What is being asked:
Give again the entries below exactly, beginning at the first line and ending at the line with "Caring for your".

------ Task material

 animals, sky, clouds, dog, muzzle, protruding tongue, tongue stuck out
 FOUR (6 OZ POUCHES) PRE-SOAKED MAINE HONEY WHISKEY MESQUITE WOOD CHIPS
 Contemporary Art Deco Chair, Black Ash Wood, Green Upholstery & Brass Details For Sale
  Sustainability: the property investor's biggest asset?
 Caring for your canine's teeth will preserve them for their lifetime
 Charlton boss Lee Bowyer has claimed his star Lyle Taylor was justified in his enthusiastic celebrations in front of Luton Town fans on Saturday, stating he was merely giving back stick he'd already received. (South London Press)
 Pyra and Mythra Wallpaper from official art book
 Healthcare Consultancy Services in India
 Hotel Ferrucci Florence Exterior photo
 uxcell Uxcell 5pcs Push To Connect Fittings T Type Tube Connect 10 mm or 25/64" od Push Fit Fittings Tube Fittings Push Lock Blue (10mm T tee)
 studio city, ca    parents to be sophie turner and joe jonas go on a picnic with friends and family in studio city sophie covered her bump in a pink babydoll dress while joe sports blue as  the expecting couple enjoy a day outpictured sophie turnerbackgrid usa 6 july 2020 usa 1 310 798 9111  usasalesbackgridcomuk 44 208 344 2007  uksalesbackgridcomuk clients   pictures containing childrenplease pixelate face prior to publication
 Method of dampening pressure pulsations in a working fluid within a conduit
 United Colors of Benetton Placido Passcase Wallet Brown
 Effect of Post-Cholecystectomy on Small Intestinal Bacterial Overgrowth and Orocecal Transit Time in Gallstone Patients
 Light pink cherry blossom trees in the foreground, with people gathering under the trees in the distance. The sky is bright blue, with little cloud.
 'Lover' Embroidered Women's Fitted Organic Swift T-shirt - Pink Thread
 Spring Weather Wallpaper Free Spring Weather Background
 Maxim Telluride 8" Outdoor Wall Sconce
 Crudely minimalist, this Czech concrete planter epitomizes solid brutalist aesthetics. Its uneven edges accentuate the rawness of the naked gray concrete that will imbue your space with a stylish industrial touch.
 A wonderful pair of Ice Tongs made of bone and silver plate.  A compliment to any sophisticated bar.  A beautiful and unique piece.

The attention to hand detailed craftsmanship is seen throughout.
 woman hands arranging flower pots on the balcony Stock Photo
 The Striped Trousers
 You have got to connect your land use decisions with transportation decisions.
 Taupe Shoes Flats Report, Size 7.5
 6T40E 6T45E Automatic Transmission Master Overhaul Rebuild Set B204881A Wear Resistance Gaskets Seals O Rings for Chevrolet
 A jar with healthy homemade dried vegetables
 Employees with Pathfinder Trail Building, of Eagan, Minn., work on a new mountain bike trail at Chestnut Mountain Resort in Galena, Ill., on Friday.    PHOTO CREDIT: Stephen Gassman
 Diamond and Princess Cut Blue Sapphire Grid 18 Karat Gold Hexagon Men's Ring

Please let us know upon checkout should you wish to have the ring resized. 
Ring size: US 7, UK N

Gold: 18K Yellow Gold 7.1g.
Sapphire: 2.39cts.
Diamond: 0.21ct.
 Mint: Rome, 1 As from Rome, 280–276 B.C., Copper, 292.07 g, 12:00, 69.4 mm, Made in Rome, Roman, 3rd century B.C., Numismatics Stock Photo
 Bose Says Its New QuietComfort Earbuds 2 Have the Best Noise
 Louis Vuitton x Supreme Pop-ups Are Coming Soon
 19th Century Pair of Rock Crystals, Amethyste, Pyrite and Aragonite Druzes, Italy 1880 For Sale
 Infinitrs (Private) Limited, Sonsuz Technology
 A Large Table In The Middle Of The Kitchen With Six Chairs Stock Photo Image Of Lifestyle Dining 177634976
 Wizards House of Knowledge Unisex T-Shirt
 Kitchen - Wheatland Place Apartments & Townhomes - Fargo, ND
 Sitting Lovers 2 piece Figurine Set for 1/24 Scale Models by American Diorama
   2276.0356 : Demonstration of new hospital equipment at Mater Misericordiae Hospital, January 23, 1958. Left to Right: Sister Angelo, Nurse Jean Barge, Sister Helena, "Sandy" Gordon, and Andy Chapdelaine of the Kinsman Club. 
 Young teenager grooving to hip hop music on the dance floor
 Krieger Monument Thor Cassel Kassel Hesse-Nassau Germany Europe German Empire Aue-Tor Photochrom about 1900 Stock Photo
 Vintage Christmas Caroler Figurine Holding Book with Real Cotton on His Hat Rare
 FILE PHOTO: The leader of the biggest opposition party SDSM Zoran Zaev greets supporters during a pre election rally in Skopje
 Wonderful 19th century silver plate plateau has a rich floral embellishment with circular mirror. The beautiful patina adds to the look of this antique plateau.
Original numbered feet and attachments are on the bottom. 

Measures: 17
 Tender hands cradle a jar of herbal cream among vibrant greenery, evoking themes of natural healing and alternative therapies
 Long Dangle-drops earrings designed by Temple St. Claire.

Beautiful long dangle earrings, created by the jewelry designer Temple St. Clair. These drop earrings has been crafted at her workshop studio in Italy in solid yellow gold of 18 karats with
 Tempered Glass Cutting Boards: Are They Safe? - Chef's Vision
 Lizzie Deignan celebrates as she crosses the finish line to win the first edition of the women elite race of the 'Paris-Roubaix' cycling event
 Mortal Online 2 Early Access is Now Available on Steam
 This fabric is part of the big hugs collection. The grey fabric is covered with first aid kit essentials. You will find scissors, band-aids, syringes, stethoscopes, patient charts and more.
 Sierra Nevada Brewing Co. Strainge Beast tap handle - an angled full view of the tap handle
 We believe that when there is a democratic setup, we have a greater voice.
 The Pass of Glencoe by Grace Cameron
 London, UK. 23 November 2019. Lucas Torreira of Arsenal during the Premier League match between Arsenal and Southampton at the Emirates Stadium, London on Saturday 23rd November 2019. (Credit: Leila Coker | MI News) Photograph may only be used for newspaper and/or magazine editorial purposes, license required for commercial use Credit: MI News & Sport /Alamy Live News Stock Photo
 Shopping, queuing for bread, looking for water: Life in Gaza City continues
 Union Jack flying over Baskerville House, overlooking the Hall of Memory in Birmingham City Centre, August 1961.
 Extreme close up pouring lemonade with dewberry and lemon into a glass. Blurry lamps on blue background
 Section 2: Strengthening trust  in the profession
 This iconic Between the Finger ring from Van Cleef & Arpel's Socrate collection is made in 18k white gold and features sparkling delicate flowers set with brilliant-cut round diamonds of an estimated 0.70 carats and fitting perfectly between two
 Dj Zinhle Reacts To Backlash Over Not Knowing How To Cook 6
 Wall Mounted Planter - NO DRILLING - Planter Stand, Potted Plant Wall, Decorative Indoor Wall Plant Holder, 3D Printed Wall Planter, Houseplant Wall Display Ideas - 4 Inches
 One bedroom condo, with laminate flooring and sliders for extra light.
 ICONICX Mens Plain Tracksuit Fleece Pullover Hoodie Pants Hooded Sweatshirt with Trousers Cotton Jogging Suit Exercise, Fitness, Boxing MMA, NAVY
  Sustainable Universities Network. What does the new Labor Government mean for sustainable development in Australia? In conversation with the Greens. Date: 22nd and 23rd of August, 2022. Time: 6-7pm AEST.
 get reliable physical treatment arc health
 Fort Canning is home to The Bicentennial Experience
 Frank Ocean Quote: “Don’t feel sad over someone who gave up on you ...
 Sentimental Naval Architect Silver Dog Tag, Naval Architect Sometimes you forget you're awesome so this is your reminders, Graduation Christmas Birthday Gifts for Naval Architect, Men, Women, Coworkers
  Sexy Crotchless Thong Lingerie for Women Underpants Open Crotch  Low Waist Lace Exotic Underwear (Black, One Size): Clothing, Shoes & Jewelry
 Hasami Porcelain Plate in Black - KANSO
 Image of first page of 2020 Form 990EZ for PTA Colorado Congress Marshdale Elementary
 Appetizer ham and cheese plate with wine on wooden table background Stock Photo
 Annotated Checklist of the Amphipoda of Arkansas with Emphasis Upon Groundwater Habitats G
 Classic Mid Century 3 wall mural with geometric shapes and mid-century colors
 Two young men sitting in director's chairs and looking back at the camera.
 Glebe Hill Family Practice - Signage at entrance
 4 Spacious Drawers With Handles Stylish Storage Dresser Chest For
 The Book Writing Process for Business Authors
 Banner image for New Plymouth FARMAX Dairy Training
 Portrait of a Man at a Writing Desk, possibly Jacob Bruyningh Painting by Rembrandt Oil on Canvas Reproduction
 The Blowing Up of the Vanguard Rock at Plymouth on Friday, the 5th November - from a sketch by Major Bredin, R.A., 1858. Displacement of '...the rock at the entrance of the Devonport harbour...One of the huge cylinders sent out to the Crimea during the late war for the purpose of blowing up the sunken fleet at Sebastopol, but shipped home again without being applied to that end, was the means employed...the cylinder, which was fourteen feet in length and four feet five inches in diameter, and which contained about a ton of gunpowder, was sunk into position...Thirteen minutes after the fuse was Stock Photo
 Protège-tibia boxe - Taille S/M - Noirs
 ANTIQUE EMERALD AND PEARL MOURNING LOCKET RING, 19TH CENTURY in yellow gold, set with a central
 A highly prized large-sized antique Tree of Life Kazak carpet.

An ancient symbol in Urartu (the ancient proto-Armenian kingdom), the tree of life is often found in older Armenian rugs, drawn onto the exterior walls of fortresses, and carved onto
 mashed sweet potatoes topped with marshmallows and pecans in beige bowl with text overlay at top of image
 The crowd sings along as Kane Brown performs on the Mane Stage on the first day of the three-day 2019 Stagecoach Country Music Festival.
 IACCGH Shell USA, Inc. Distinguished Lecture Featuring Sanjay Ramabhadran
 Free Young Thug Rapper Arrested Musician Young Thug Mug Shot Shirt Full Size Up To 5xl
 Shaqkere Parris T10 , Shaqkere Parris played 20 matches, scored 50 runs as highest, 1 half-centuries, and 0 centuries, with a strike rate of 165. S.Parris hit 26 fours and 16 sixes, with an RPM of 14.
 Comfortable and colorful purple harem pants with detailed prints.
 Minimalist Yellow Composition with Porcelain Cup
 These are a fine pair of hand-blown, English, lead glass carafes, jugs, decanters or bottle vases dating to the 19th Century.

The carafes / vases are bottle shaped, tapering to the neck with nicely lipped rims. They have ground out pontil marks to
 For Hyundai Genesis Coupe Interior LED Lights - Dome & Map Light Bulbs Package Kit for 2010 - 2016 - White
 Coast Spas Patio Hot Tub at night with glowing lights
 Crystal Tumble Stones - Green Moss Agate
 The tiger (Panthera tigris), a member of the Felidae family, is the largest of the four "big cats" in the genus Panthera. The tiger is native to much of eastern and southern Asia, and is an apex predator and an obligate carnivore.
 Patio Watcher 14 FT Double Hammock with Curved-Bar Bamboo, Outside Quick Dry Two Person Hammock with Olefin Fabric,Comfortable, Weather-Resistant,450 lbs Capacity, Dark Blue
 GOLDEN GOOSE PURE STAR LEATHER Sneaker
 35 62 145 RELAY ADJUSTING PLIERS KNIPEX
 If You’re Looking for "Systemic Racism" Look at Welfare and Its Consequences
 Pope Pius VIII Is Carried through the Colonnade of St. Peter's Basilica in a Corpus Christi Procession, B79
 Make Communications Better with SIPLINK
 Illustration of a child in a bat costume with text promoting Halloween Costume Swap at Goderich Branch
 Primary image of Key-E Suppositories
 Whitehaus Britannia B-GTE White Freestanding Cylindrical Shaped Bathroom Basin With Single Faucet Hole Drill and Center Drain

------------

Result:
 animals, sky, clouds, dog, muzzle, protruding tongue, tongue stuck out
 FOUR (6 OZ POUCHES) PRE-SOAKED MAINE HONEY WHISKEY MESQUITE WOOD CHIPS
 Contemporary Art Deco Chair, Black Ash Wood, Green Upholstery & Brass Details For Sale
  Sustainability: the property investor's biggest asset?
 Caring for your canine's teeth will preserve them for their lifetime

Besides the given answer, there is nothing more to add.